Reproduce everything from the line that contains "MOBOT EV 2 UL2272" down to the line that contains "Curator, Mary Frazier" in the listing below, word for word and nothing more. Leave the pictures out.

[Records for this exercise]

Content starts

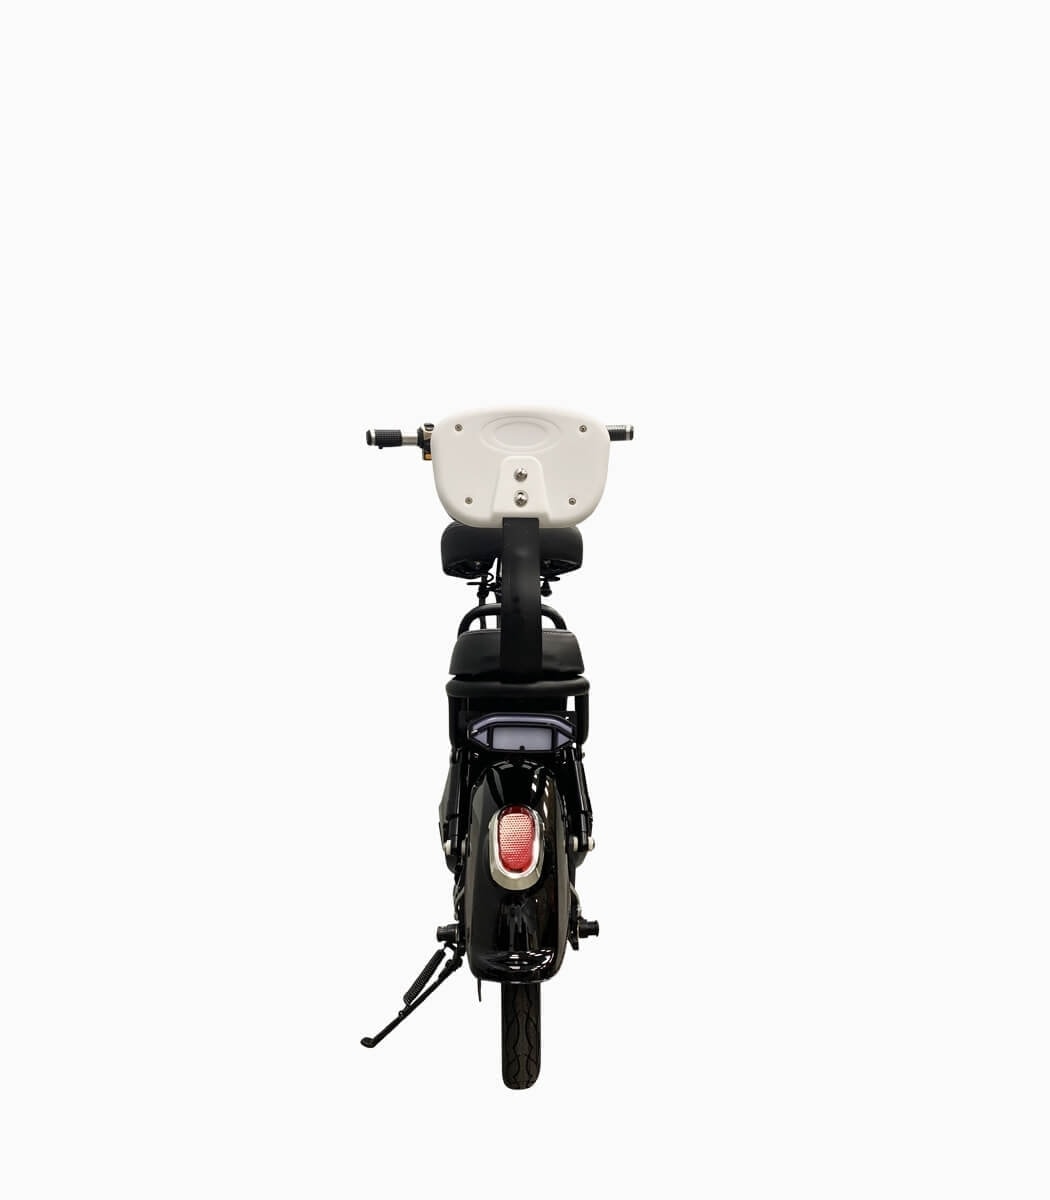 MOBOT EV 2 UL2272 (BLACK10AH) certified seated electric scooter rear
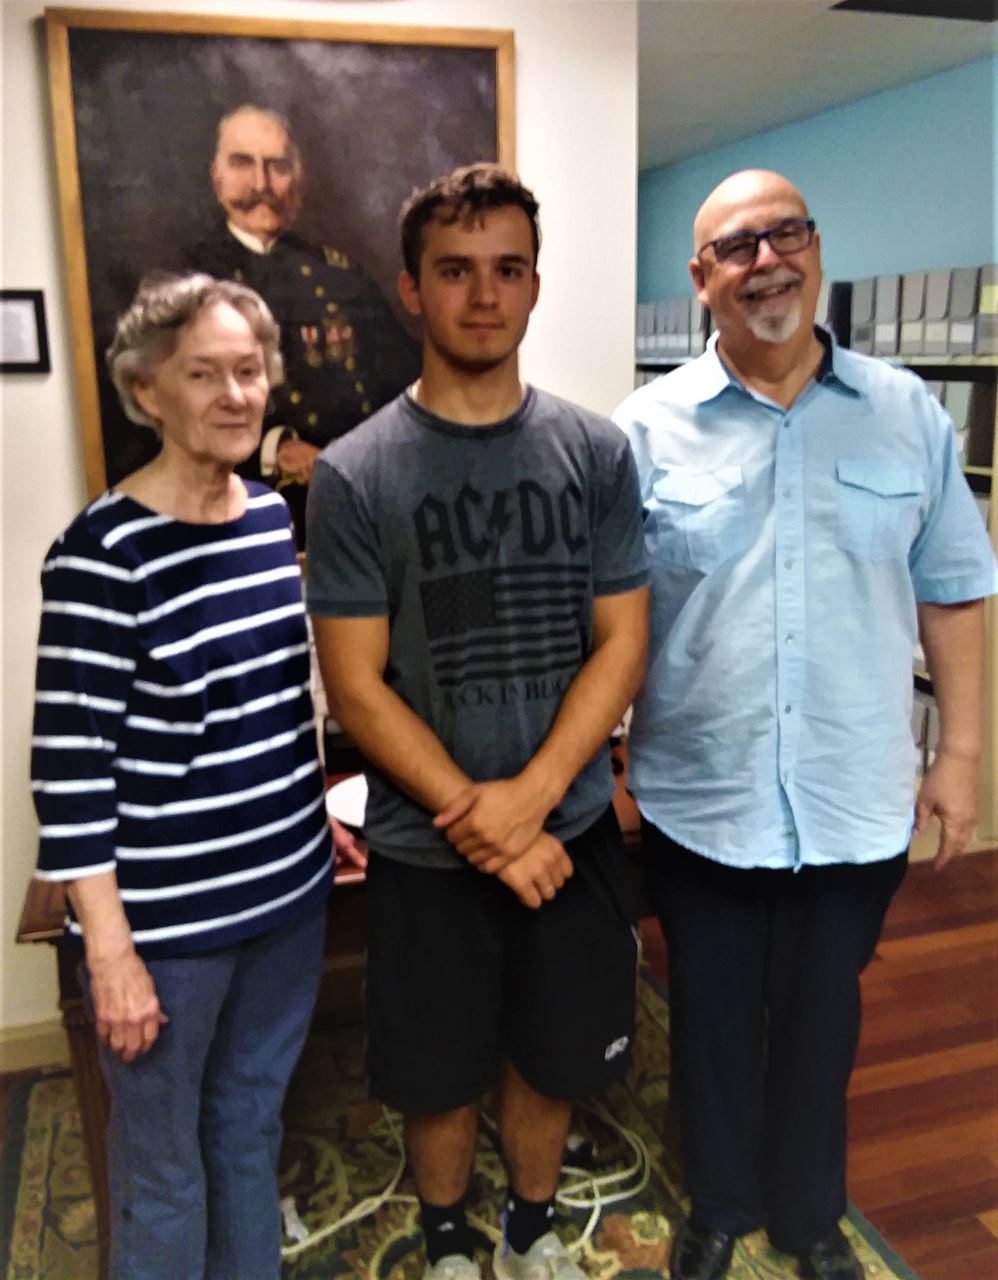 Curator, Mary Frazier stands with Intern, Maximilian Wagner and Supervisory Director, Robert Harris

Content ends
Content starts

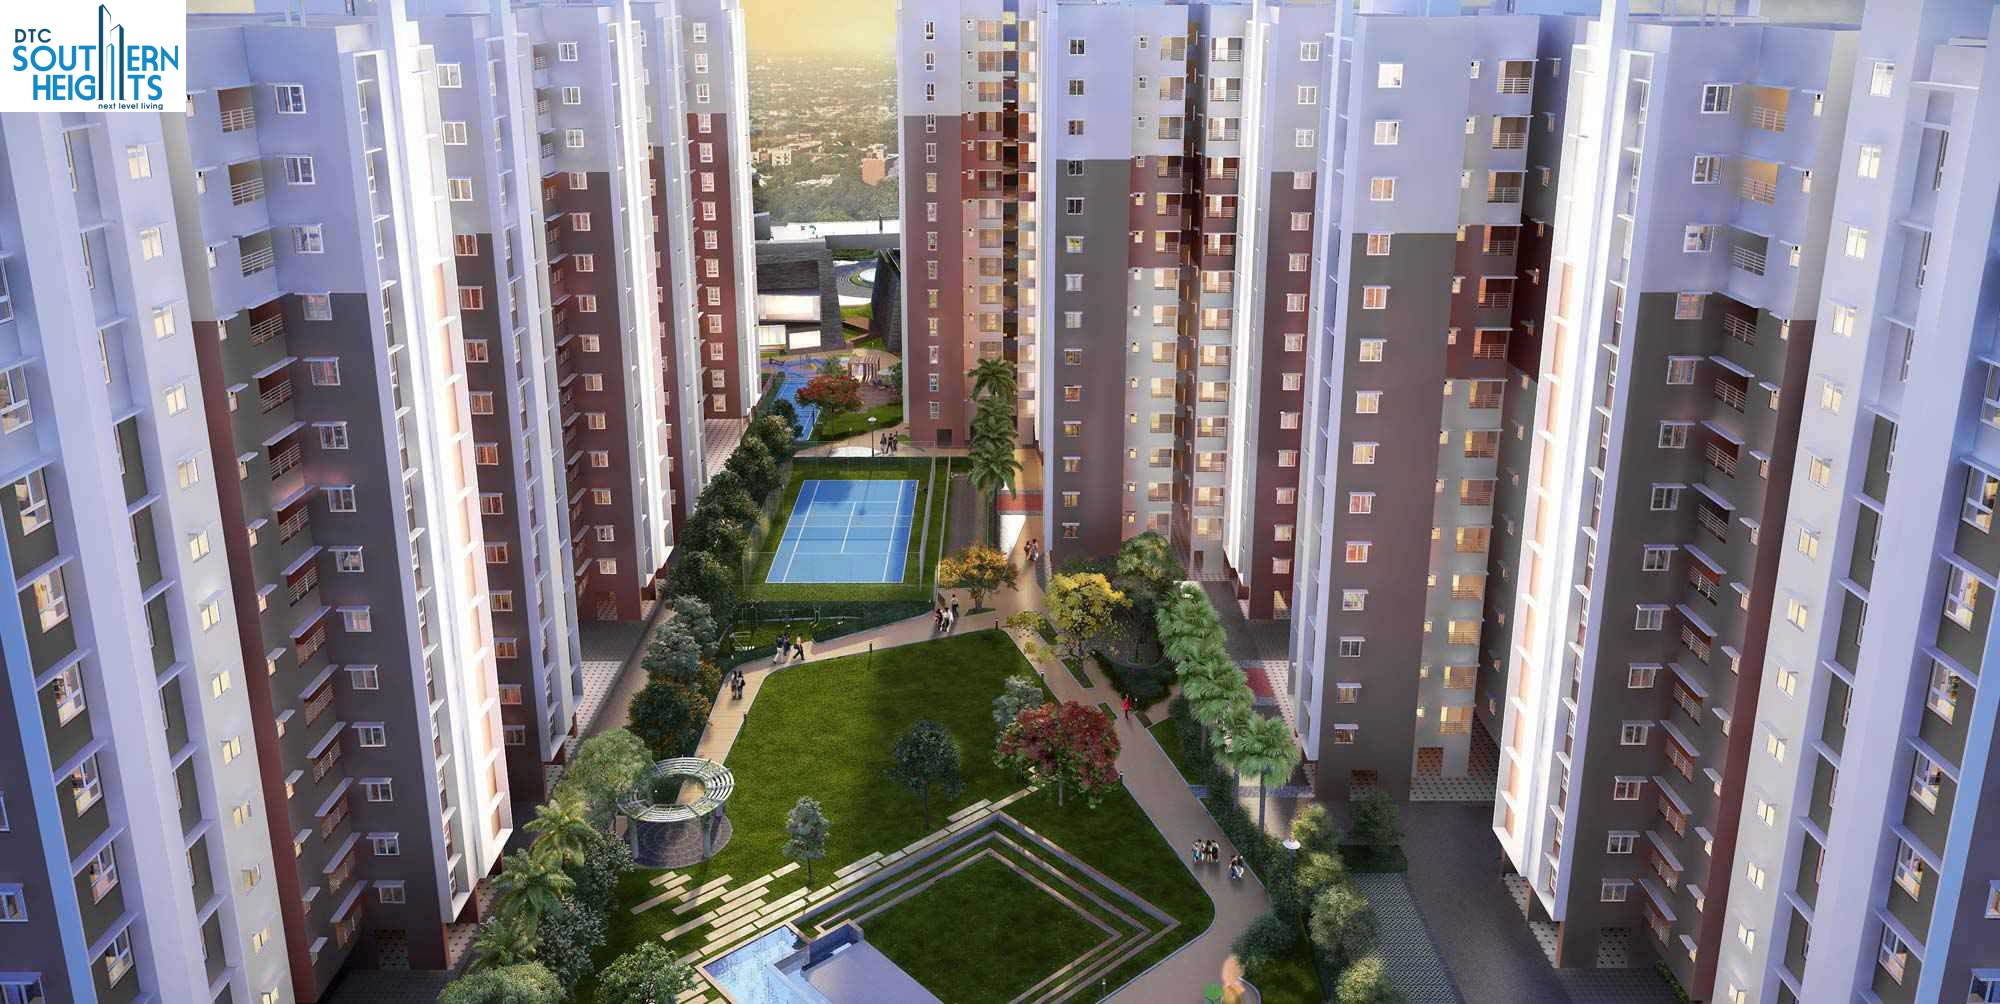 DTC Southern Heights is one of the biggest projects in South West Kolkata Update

Content ends

[Exercise result]
 MOBOT EV 2 UL2272 (BLACK10AH) certified seated electric scooter rear
 Curator, Mary Frazier stands with Intern, Maximilian Wagner and Supervisory Director, Robert Harris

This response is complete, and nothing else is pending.